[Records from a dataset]

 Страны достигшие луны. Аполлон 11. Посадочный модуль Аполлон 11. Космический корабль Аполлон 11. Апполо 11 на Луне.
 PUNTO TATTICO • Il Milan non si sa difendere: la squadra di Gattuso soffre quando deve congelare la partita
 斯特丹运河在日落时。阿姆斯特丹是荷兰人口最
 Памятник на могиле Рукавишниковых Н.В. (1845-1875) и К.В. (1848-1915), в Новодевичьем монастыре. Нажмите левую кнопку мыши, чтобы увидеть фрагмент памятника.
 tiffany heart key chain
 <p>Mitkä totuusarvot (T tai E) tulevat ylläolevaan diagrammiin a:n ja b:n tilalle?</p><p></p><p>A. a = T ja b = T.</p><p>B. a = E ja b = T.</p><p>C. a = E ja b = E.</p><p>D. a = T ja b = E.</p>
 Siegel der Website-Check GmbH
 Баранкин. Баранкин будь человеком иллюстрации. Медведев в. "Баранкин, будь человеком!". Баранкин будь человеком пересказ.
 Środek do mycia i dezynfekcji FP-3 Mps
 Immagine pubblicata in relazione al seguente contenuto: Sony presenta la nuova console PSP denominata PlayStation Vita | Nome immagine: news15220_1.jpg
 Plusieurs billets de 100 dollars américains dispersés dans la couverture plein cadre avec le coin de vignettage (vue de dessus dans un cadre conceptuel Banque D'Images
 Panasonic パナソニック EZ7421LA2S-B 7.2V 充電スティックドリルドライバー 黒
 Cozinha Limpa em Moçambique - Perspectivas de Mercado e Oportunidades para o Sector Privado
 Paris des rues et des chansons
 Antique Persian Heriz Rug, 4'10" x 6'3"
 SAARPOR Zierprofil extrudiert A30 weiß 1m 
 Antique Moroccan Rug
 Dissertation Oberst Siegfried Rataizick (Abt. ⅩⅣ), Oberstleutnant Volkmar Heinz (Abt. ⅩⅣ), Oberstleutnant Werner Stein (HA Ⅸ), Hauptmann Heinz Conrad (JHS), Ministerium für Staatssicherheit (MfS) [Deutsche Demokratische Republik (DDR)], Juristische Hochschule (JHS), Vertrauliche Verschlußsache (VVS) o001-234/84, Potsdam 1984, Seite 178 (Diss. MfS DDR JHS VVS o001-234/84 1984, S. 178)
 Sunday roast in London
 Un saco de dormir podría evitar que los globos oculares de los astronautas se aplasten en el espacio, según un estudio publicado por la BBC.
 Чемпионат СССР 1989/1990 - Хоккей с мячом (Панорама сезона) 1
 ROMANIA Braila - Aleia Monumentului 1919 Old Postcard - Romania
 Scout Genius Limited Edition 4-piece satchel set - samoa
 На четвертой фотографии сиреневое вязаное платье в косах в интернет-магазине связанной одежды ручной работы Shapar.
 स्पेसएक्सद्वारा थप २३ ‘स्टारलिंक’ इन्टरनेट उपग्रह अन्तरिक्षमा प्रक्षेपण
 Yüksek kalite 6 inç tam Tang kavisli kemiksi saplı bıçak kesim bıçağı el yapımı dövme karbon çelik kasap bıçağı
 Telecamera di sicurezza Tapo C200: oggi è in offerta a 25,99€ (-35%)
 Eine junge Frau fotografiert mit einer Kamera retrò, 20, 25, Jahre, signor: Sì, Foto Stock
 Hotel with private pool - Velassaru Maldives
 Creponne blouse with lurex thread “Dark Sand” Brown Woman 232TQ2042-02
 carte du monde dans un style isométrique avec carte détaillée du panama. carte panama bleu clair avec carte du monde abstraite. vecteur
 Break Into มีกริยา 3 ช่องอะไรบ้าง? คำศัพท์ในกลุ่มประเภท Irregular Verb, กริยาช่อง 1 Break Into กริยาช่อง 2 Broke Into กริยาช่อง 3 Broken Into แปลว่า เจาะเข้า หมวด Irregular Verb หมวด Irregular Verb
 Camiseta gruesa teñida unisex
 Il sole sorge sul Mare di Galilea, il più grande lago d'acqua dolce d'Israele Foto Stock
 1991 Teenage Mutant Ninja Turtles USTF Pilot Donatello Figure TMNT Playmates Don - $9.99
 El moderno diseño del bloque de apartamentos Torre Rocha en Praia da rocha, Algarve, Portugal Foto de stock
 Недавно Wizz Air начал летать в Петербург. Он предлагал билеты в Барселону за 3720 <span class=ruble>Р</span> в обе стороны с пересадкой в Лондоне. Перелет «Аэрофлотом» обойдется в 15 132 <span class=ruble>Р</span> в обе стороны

*TASK ITEM*: Your task is to retype the entries verbatim, starting with the line that holds "Antique Moroccan Rug" and stopping after the line that holds "carte du monde dans".

*RESULT OF THE TASK*:
 Antique Moroccan Rug
 Dissertation Oberst Siegfried Rataizick (Abt. ⅩⅣ), Oberstleutnant Volkmar Heinz (Abt. ⅩⅣ), Oberstleutnant Werner Stein (HA Ⅸ), Hauptmann Heinz Conrad (JHS), Ministerium für Staatssicherheit (MfS) [Deutsche Demokratische Republik (DDR)], Juristische Hochschule (JHS), Vertrauliche Verschlußsache (VVS) o001-234/84, Potsdam 1984, Seite 178 (Diss. MfS DDR JHS VVS o001-234/84 1984, S. 178)
 Sunday roast in London
 Un saco de dormir podría evitar que los globos oculares de los astronautas se aplasten en el espacio, según un estudio publicado por la BBC.
 Чемпионат СССР 1989/1990 - Хоккей с мячом (Панорама сезона) 1
 ROMANIA Braila - Aleia Monumentului 1919 Old Postcard - Romania
 Scout Genius Limited Edition 4-piece satchel set - samoa
 На четвертой фотографии сиреневое вязаное платье в косах в интернет-магазине связанной одежды ручной работы Shapar.
 स्पेसएक्सद्वारा थप २३ ‘स्टारलिंक’ इन्टरनेट उपग्रह अन्तरिक्षमा प्रक्षेपण
 Yüksek kalite 6 inç tam Tang kavisli kemiksi saplı bıçak kesim bıçağı el yapımı dövme karbon çelik kasap bıçağı
 Telecamera di sicurezza Tapo C200: oggi è in offerta a 25,99€ (-35%)
 Eine junge Frau fotografiert mit einer Kamera retrò, 20, 25, Jahre, signor: Sì, Foto Stock
 Hotel with private pool - Velassaru Maldives
 Creponne blouse with lurex thread “Dark Sand” Brown Woman 232TQ2042-02
 carte du monde dans un style isométrique avec carte détaillée du panama. carte panama bleu clair avec carte du monde abstraite. vecteur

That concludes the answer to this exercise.